Newly diagnosed ANA cases met the following criteria: (1) continuous enrollment during the lookback and study periods, (2) ANA diagnosis provided by an ophthalmologist or optometrist with at least one recorded gonioscopy based on Current Procedural Terminology (CPT) code (Supplementary Table 1), (3) no history of pseudophakia, IOP-lowering medications, laser treatments, cataract or glaucoma surgery before the index date based on CPT codes (Supplementary Table 1), and (4) no PACG diagnosis prior to or concurrent with the index date. Criterion 2 was implemented to increase the fidelity of diagnoses.
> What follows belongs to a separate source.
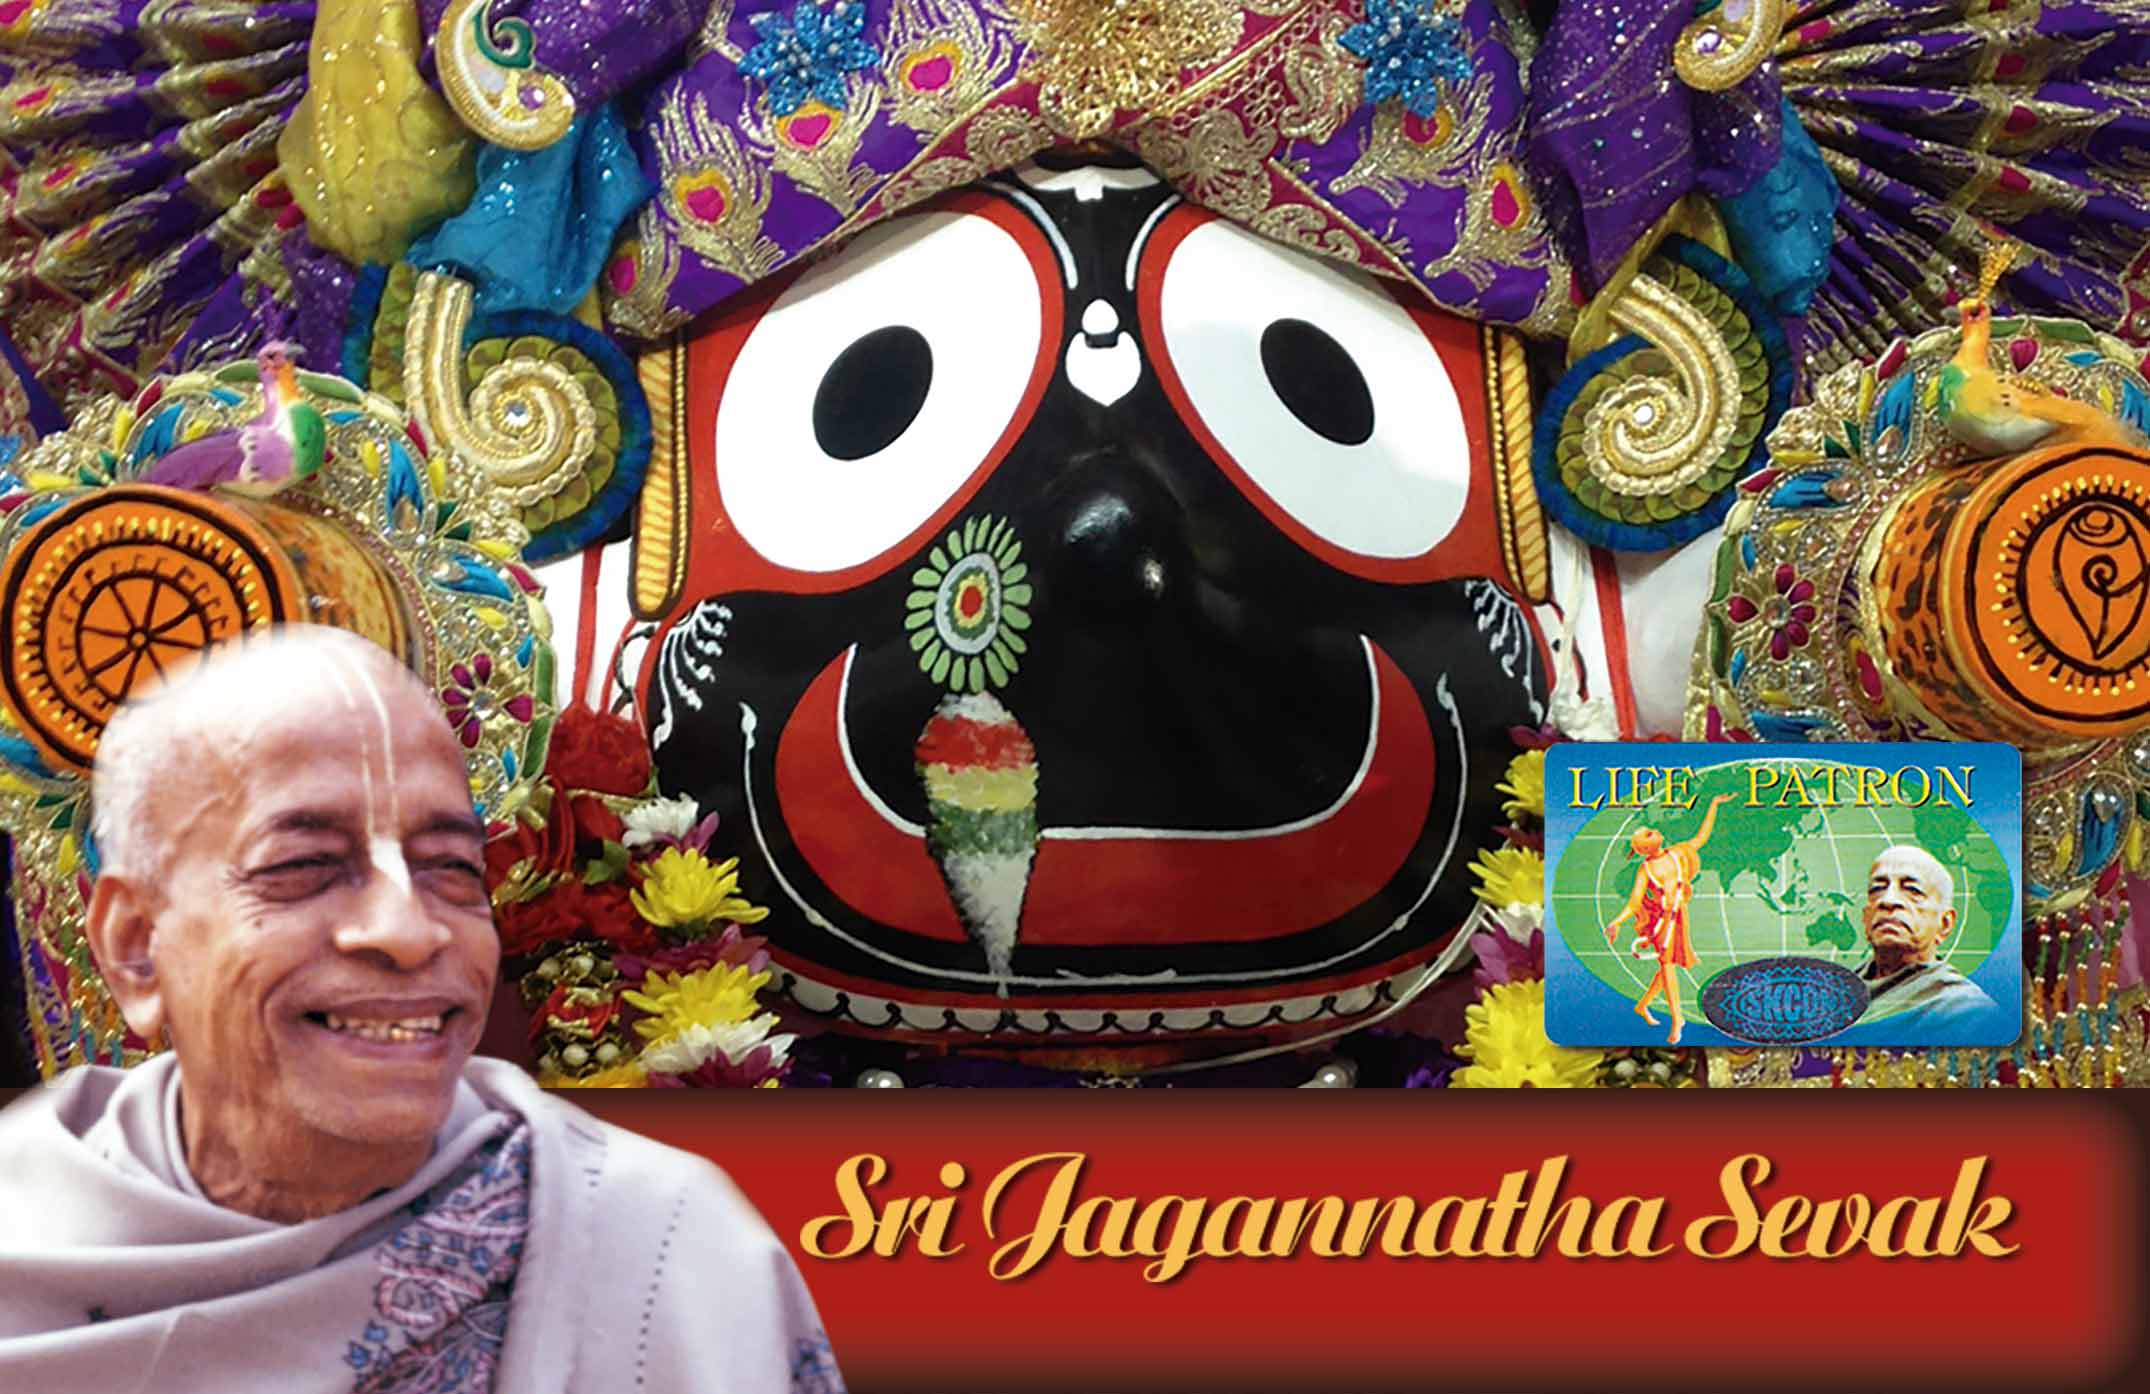 Sri Jagannatha Sevak – Sponsorship of 11.111 €

Criterion 3 was implemented to ensure patients who received conventional ANA or PACG treatments prior to the index date would not be designated as newly diagnosed ANA. Diagnostic conversion from ANA to PACG, the primary study endpoint and outcome variable, was defined as a new and distinct diagnosis of PACG by an ophthalmologist based on ICD-9 or ICD-10 codes within the 6-year study period recorded after an index diagnosis of ANA.

Primary (first) ANA treatments administered after the index date were included in the analyses. These treatments included IOP-lowering drops, LPI, and cataract surgery. IOP-lowering drops include alpha agonists, beta blockers, carbonic anhydrase inhibitors, miotics, prostaglandin analogs, and miscellaneous antiglaucoma agents (Supplementary Table 1). Timing of treatments were categorized as never, early, or late. Early intervention was defined as treatment initiated within 6 months of the index date while late intervention was defined as treatment initiated more than 6 months after the index date. Treatments initiated after diagnosis of PACG were not considered. By nature of healthcare claims data, clinical factors, including gonioscopy findings and IOP measurements, necessary to conform patients to strict epidemiological definitions of PACD were not available for analysis.

Statistical Analysis

The proportion of ANA with diagnostic conversion to PACG among all ANA was calculated and stratified by sex, age, and race/ethnicity. Analyses were conducted on the patient level rather than eye level due to lack of laterality data in ICD-9. Continuous data were expressed as means and standard deviations while categorical data were expressed as proportions and percentages. Survival times were calculated as the duration between index date of ANA diagnosis and last recorded appointment date or first date of PACG diagnosis, whichever came first. Univariable Cox proportional hazards (CPH) models were developed with sociodemographic and treatment variables to determine hazard ratios (HR) for diagnostic conversion. A multivariable CPH model was developed using variables significant at p < 0.15 in univariable analysis. Age, sex, and race/ethnicity were included in the model regardless of significance. From this multivariable model, clinically and statistically significant variables were defined as having a hazard ratio greater than 1.25 or less than 0.80 and a p-value < 0.05. Statistical analysis was completed with R version 4.0.3.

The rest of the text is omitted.